Delyth ignored the question. “There was a boy, a mage. Where is he? And… and Mascen. Is he gone?” It was a lot to say all at once with her throat raw like this, but she well remembered the feeling. Last time it had been Enyo’s fingers around her throat.
“Mascen is gone, thanks in part to you. Praise Esha.” The woman’s face lit up, perhaps remembering that Esha was amongst them once more. People all across Thloegr would have that look now.
“The mage? He was brought in. He hit his head badly; we think he fell off of the temple in Midon square. Really there is no explaining why he is not dead, but…” She lifted her shoulders in a graceful shrug as if saying there was no understanding these strange times. “He’s in his own room.

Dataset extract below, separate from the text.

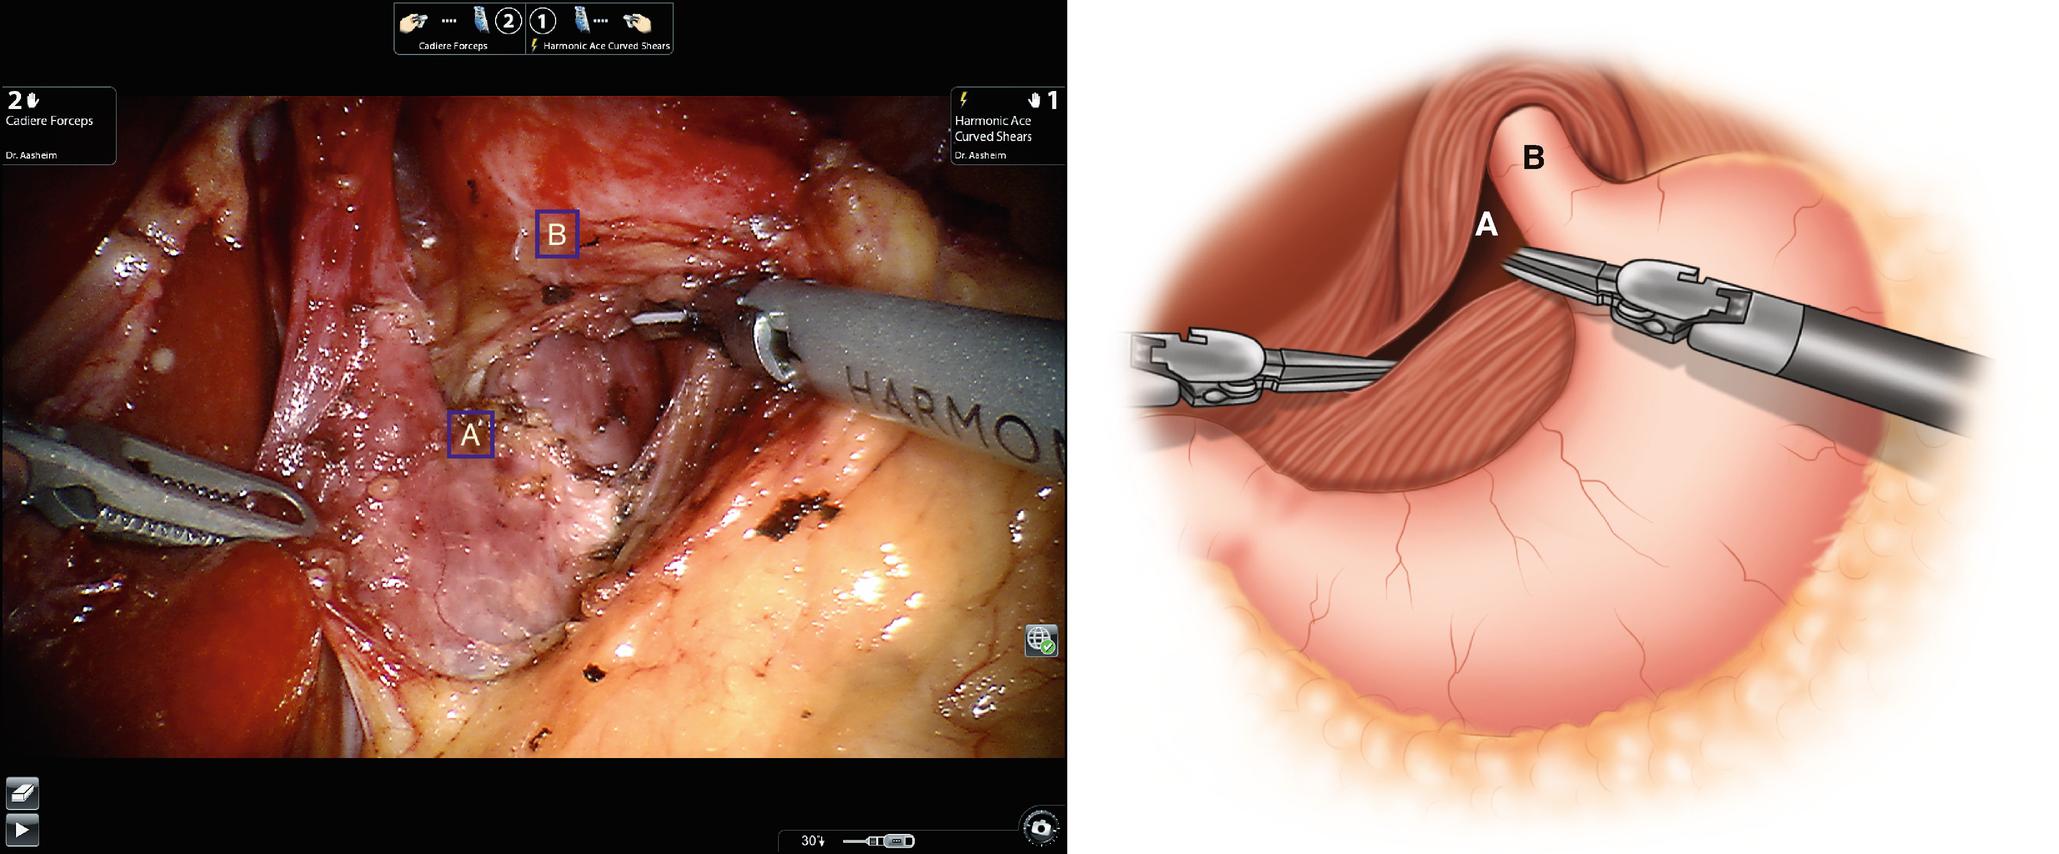 Robotic Operations for Gastroesophageal Reflux Disease | SpringerLink

When he is stronger, you can see him if you like.”
“No,” Delyth said and turned her
back on the girl to drift again into the oblivion of sleep. “I don’t want to see him.”
⥣ ⥣ ⥣
* * *
“Good morning.”
It was snowing outside Delyth’s window, winter finally breaking over the plains of central Thloegr. She felt as though she had known that for some time, as though she had been awake before the mender spoke, but only just realized it.
It had probably been snowing in the Brig’ian Mountains for moons. Glynfford would be draped in white.
But what place did she have there now?
“How long?” The words came out like a rasp, and Delyth winced. She could feel the pain in her throat, in her chest more acutely now. Had they begun to wean her off the sedative? She wished they wouldn’t. She wanted to sleep forever.
“Days since we last spoke? Two. The tinctures we’ve been giving you to aid your healing can make you sleepy. You’re well enough now that you don’t need so much of them.” Her hands moved as she spoke, feeling Delyth’s throat, brushing over Delyth’s ribs. Finding her injuries, assessing their progress. If Alphonse had been here, the warrior would have already been healed. In a flash of green light and warm touches, followed with some tea and admonishments that Delyth ought to be more careful.
Delyth closed her eyes. The thoughts were too painful, the gentle, searching brush of the mender’s fingers too like Alphonse’s healing hands. If she could not sleep, then she could not stay here.
Still, the motivation to get up escaped her. Where would she even go?
“First snow,” Delyth croaked. “I think. How will the city fare? After everything?”
If she could not convince herself to move, she could at least find other distractions—anything but sinking into memory. She hated self-pity. And she hated herself for wallowing here.